By LOIS BAKER
Contributing Editor
Insulin, the hormone used to treat diabetes, also may have potential
as a treatment for heart disease, a study conducted by UB endocrinologists
has shown.
The research shows for the first time that insulin produces an anti-inflammatory
effect by decreasing concentrations of certain pro-inflammatory components
in the bloodstream and increasing concentrations of components that
help prevent inflammation and damage to cells lining blood vessels walls.
The study appeared in the July issue of The Journal of Clinical Endocrinology
and Metabolism.
"This is a brand new property of insulin," said Paresh Dandona, associate
professor of medicine and director of Kaleida Health's Diabetes-Endocrinology
Center of Western New York.
"It is the first study of insulin's anti-inflammatory effect in humans
and the results are clear. Since atherosclerosis is the result of an
inflammation of the vessel wall, we believe insulin will prove to be
anti-atherosclerotic in the long run.
"At the very least, these results should indicate to physicians that
they should not be reluctant to prescribe insulin when it is indicated
for fear that it may increase the risk of heart attack. It appears insulin
has just the opposite effect. It may reduce the risk of heart attack."
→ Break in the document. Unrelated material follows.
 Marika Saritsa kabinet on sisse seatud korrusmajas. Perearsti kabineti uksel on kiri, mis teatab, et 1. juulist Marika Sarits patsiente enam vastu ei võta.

Dandona and colleagues, in earlier laboratory-based research, had
shown that insulin helps vessels to dilate by increasing the release
of nitric oxide, a known vasodilator, and increasing expression of nitric
oxide synthase, the enzyme that makes nitric oxide.
They also had shown that troglitazone, a substance that makes cells
more sensitive to insulin, has anti-inflammatory effects, and that insulin
decreased the expression of a component called intracellular adhesion
molecule-1 (ICAM-1), known to promote inflammation in the lining of
the arteries that has been associated with an increased risk of coronary
artery disease.
These results appeared to suggest that insulin may help protect against
cardiovascular disease, rather than contributing to its development,
as other researchers have assumed, Dandona noted.
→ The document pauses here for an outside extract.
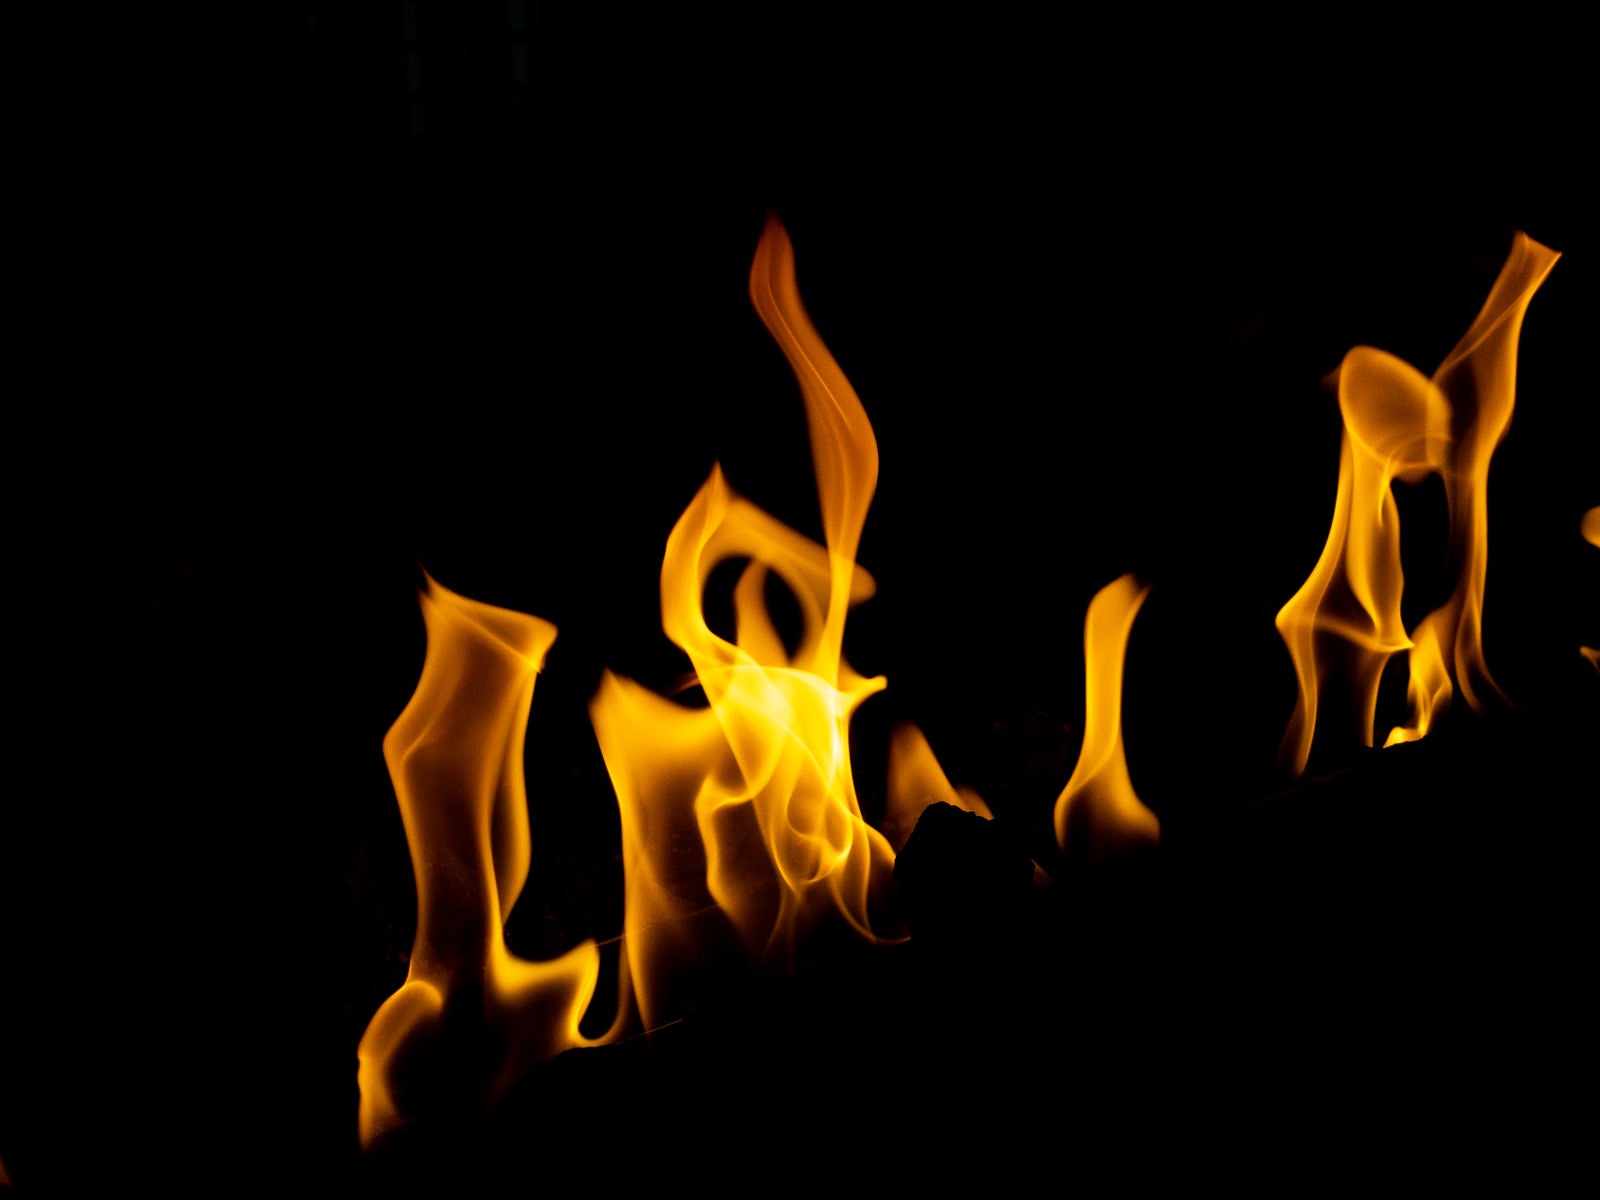 「燃えさかる炎の中」の写真

Seeking to determine if insulin produced similar effects in humans,
Dandona and colleagues infused insulin in a glucose solution into 10
obese nondiabetic volunteers (obese subjects show increased inflammation)
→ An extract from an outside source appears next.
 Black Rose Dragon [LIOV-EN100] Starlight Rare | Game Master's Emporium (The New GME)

and monitored levels of certain pro- and anti-inflammatory blood components.
Blood samples were taken before the infusion began and at two, four
and six hours into the procedure.
Researchers were particularly interested in concentrations of a component
called nuclear factor kB (NFkB), which induces the production of pro-inflammatory
cytokines, adhesion molecules and enzymes that generate cell-damaging
free radicals. They also measured a component that inhibits NFkB, called
IkB, and certain other anti-inflammatory components, as well as concentrations
of adhesion molecules and free radicals.
Results showed that insulin infusion caused a fall in NFkB and an
increase in its inhibitor. These changes began at two hours and peaked
at four hours. NFkB returned to normal at six hours, but IkB continued
to increase, even at six hours.
"These changes are consistent with an acute anti-inflammatory effect
of insulin," Dandona said, "and suggest that in the long term, a persistent
effect of this kind would indicate a potential antiatherogenic action
of this hormone."
Also participating in the research were Ahmed Aljada, research assistant
professor of medicine; Priya Mohanty, clinical instructor of medicine,
and Husam Ghanim, Wael Hamouda, Ezzat Assian and Shakeel Ahmad, doctoral
students working with Dandona.
The William G. McGowan Charitable Fund supported the work.